Publicación por DIANA RAMIREZ MELQUIADES
Me parece muy acertado lo que mencionas sobre la importancia de las políticas públicas para promover la actividad física y los estilos de vida saludables. Coincido plenamente en que no todo depende de la motivación individual: si no hay espacios seguros, programas accesibles o apoyo institucional, es mucho más difícil que las personas adopten hábitos saludables de manera sostenida.

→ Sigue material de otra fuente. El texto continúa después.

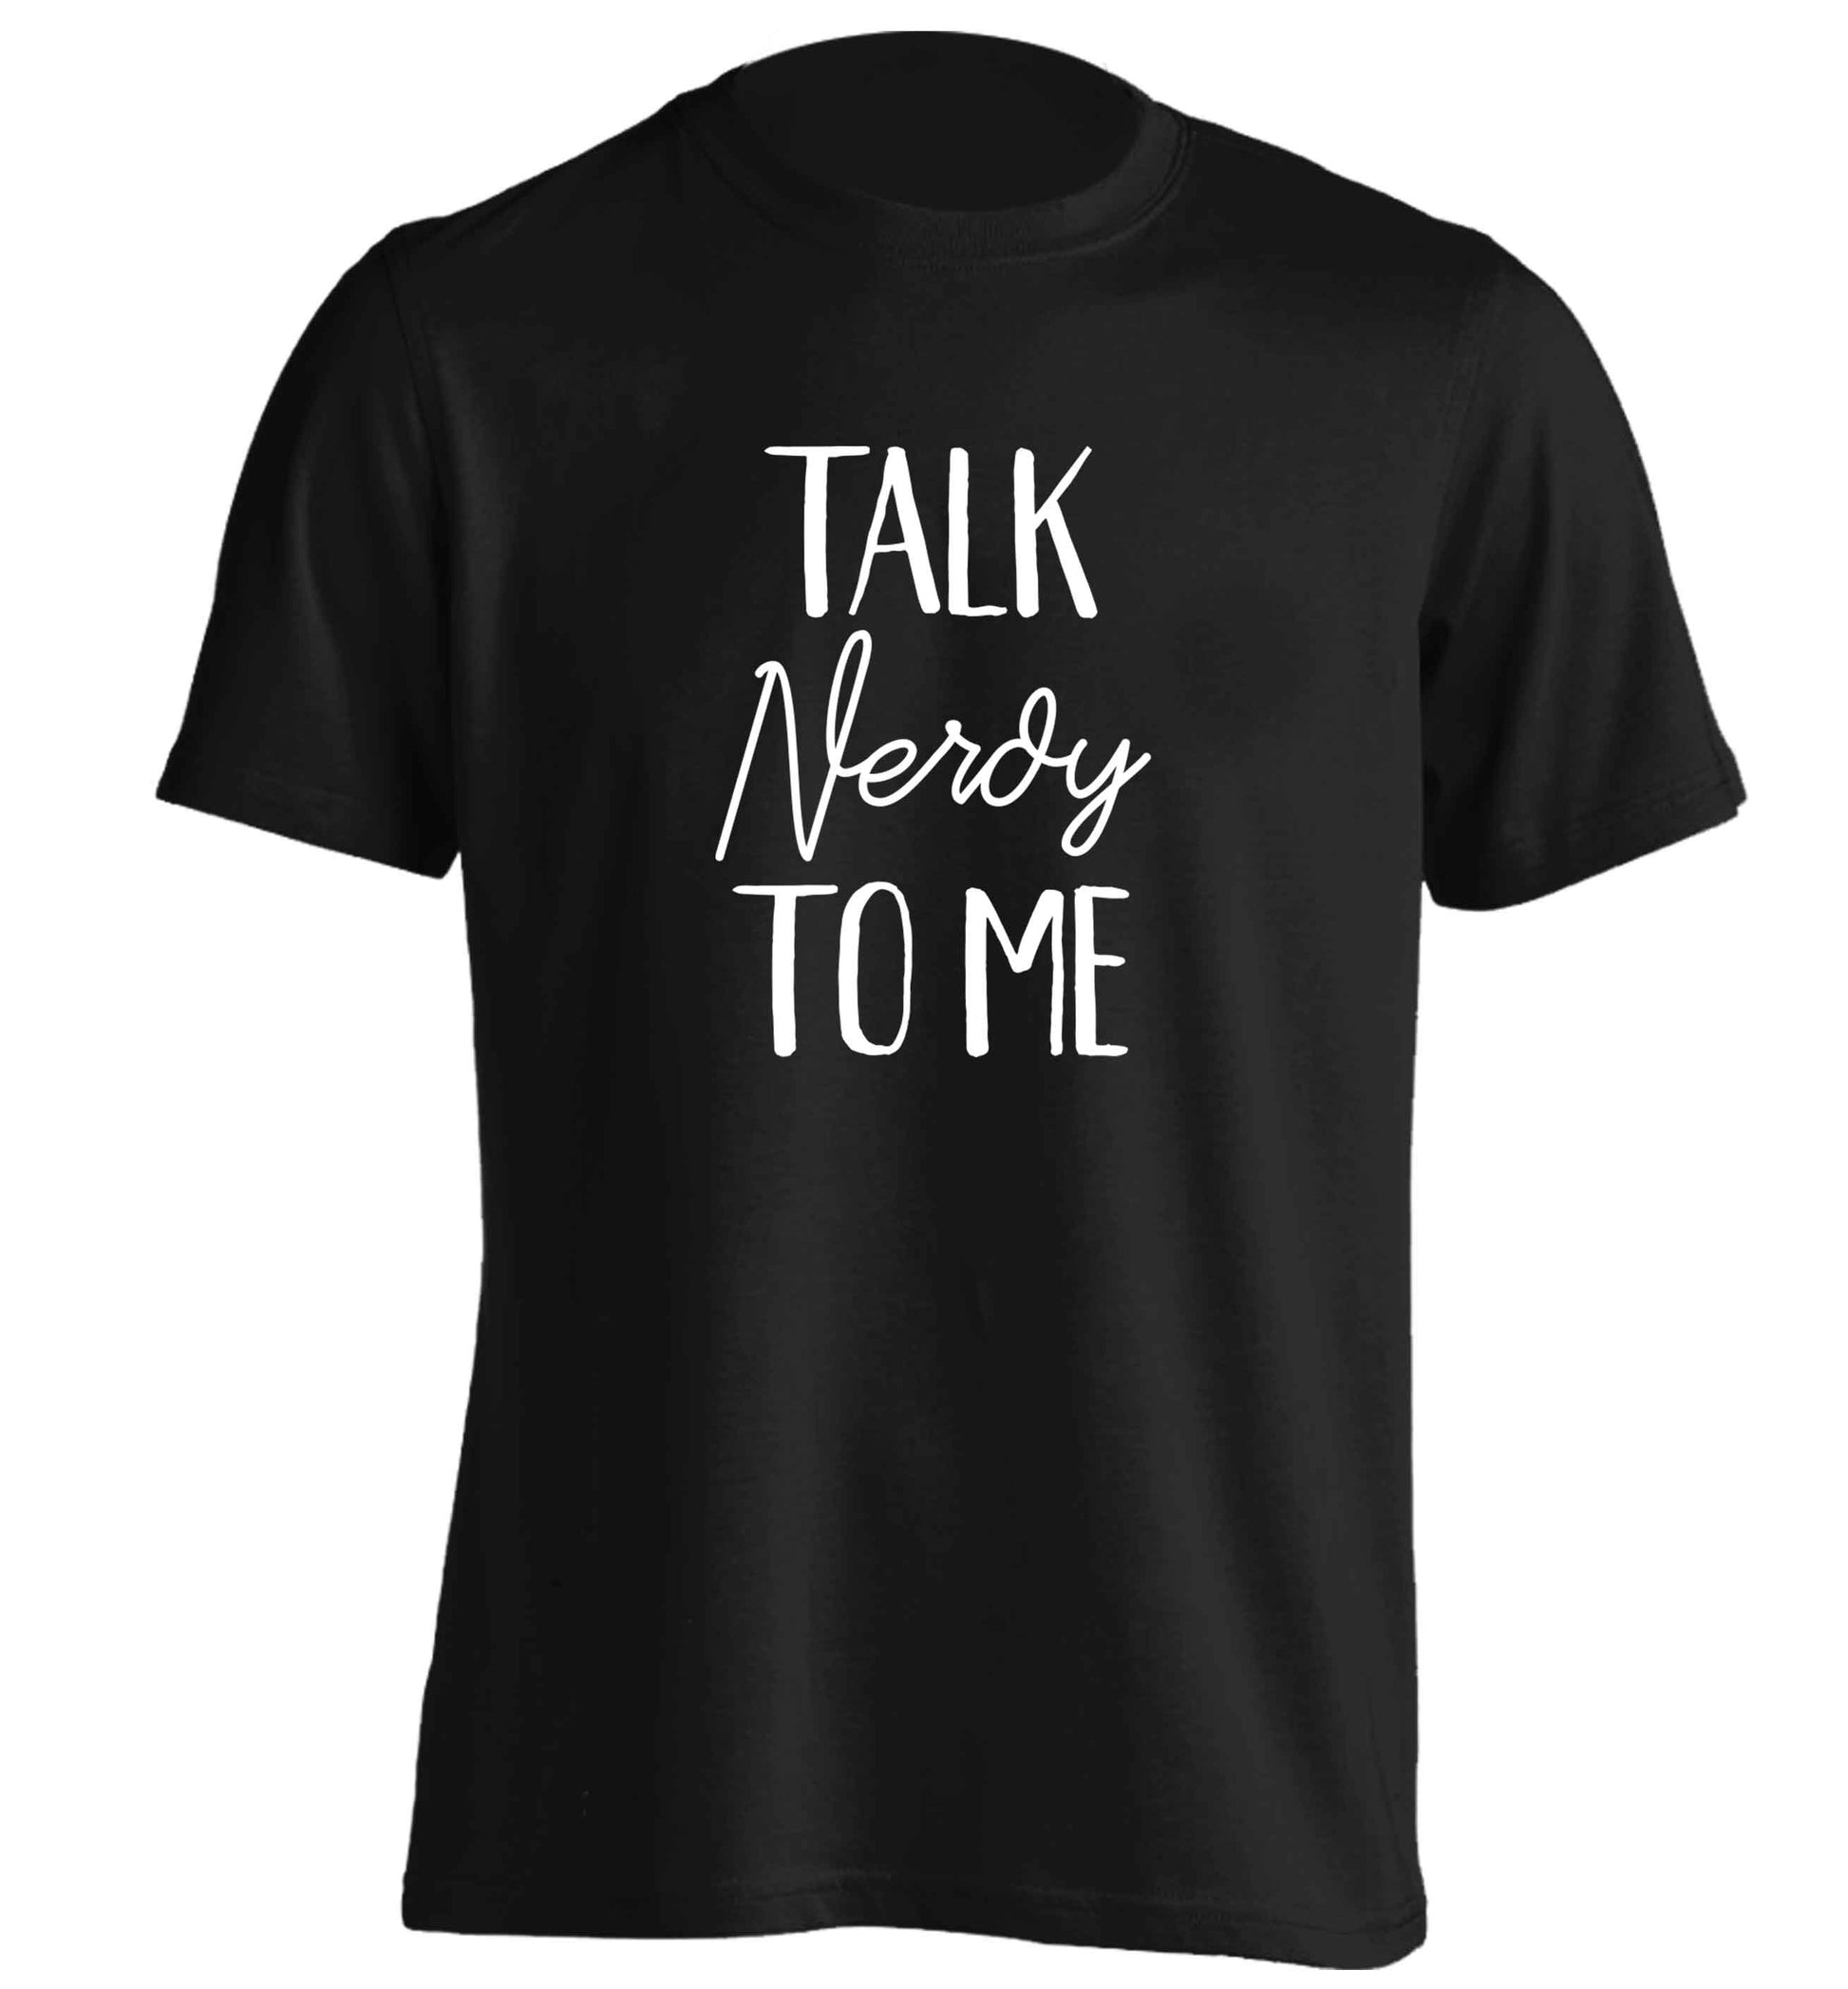 Talk nerdy to me adults unisex black Tshirt 2XL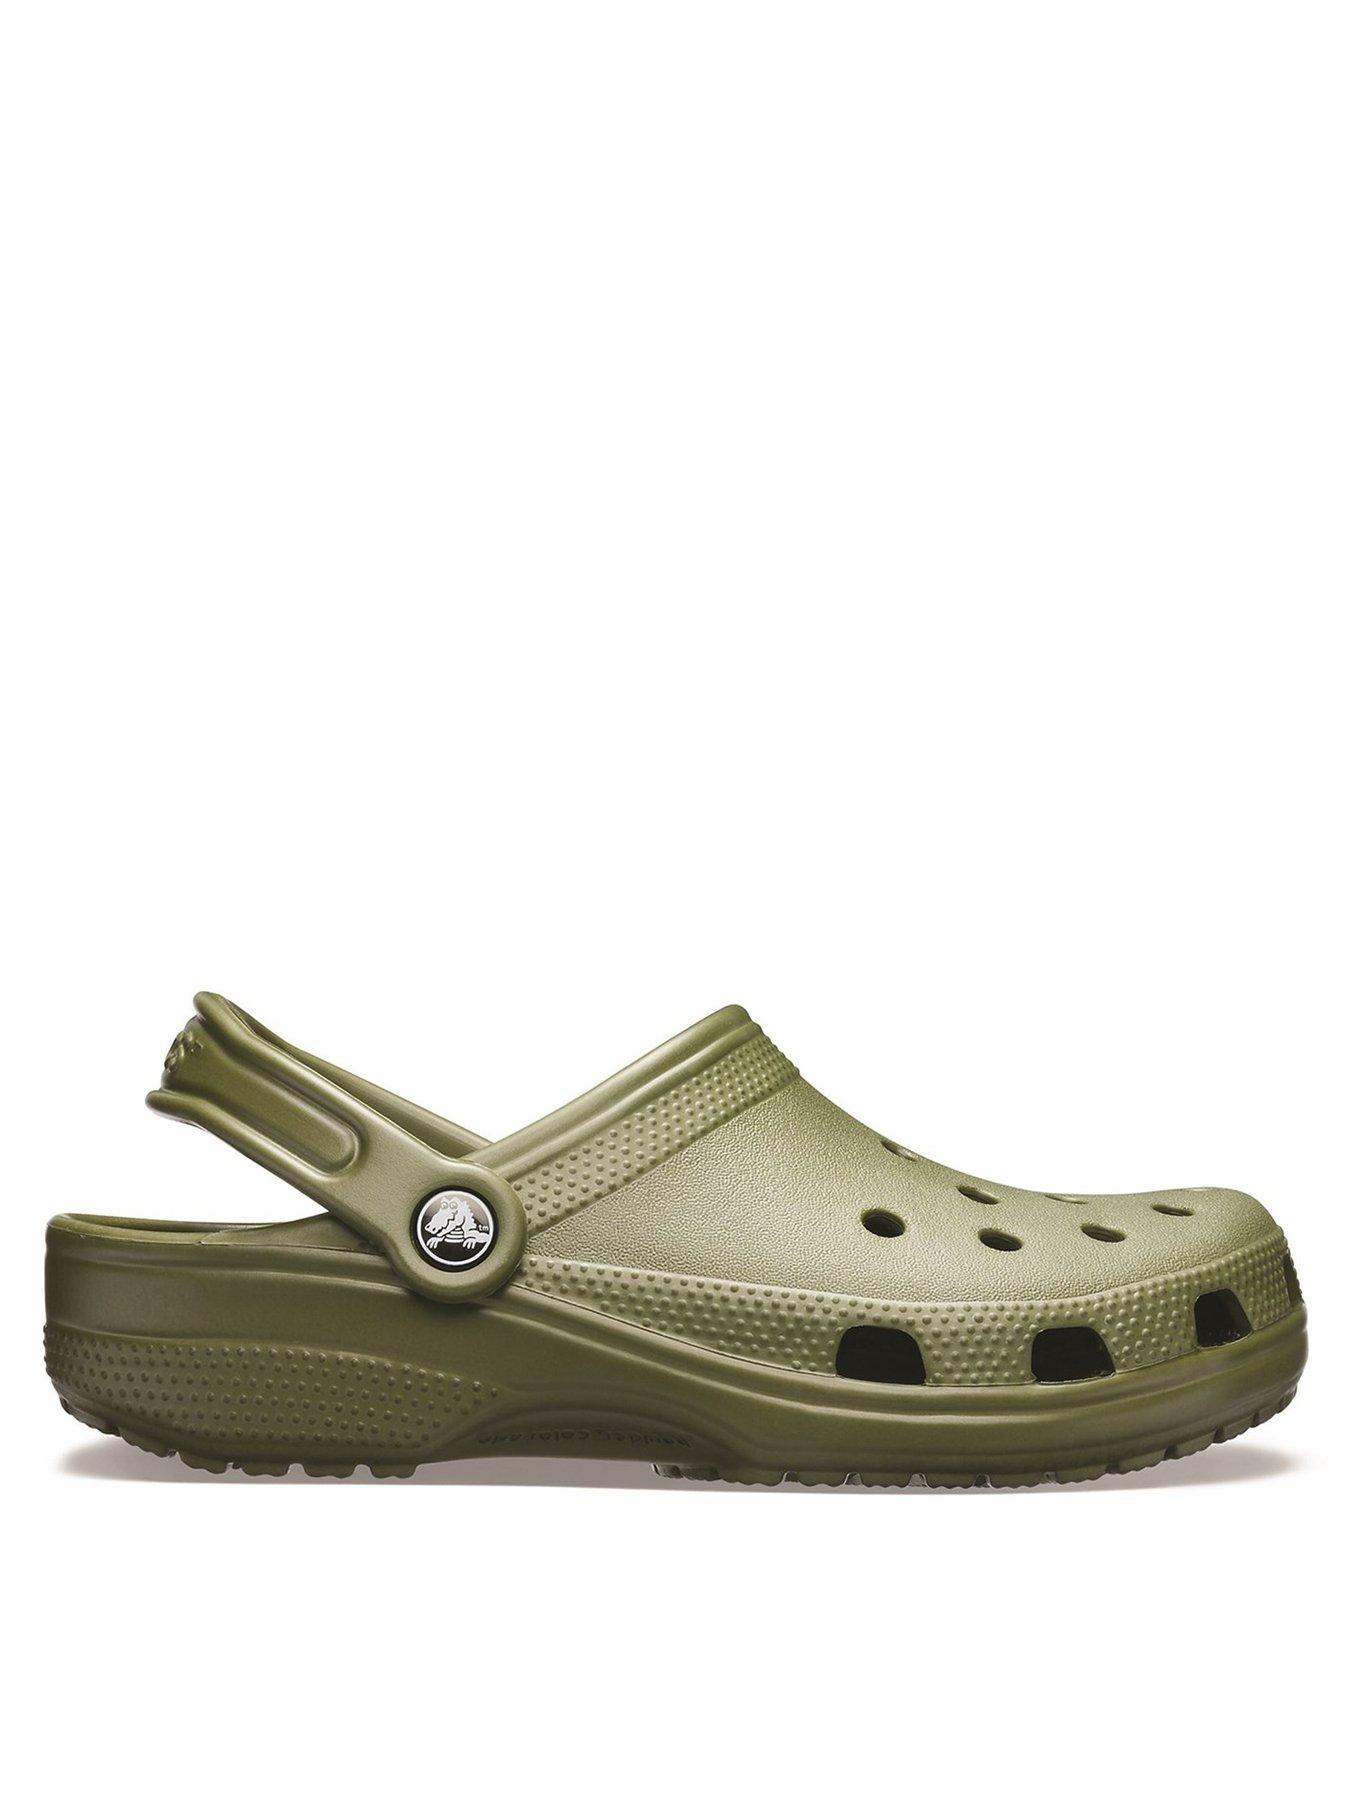 Crocs Classic Clogs - Khaki

En varios estudios, como el de Cabello Jiménez, C. I. y Valenzuela, F. A., se destaca justamente esto: las políticas públicas funcionan mejor cuando se construyen junto a la comunidad y cuando promueven entornos donde la actividad física sea parte de la vida cotidiana. No basta con decirle a la gente que debe ejercitarse; hay que crear condiciones reales para que pueda hacerlo.
En Chile, el trabajo del Gobierno de Chile y el Ministerio de Salud de Chile con programas como Vida Sana va en esa línea, porque busca acompañar a las personas en cambios concretos de alimentación y actividad física. Sin embargo, como bien señalas, todavía persisten barreras como la desigualdad en el acceso a espacios deportivos, la falta de continuidad en algunos programas y la escasa llegada a grupos vulnerables.
Aun así, creo que hay un gran potencial si se sigue fortaleciendo la colaboración entre escuelas, centros de salud, municipios y organizaciones comunitarias. Cuando estos actores trabajan juntos, los programas se vuelven más inclusivos y sostenibles.
En resumen, las políticas públicas son fundamentales, pero deben ser permanentes, evaluadas y construidas con la comunidad para que realmente puedan mejorar la salud de todas las personas.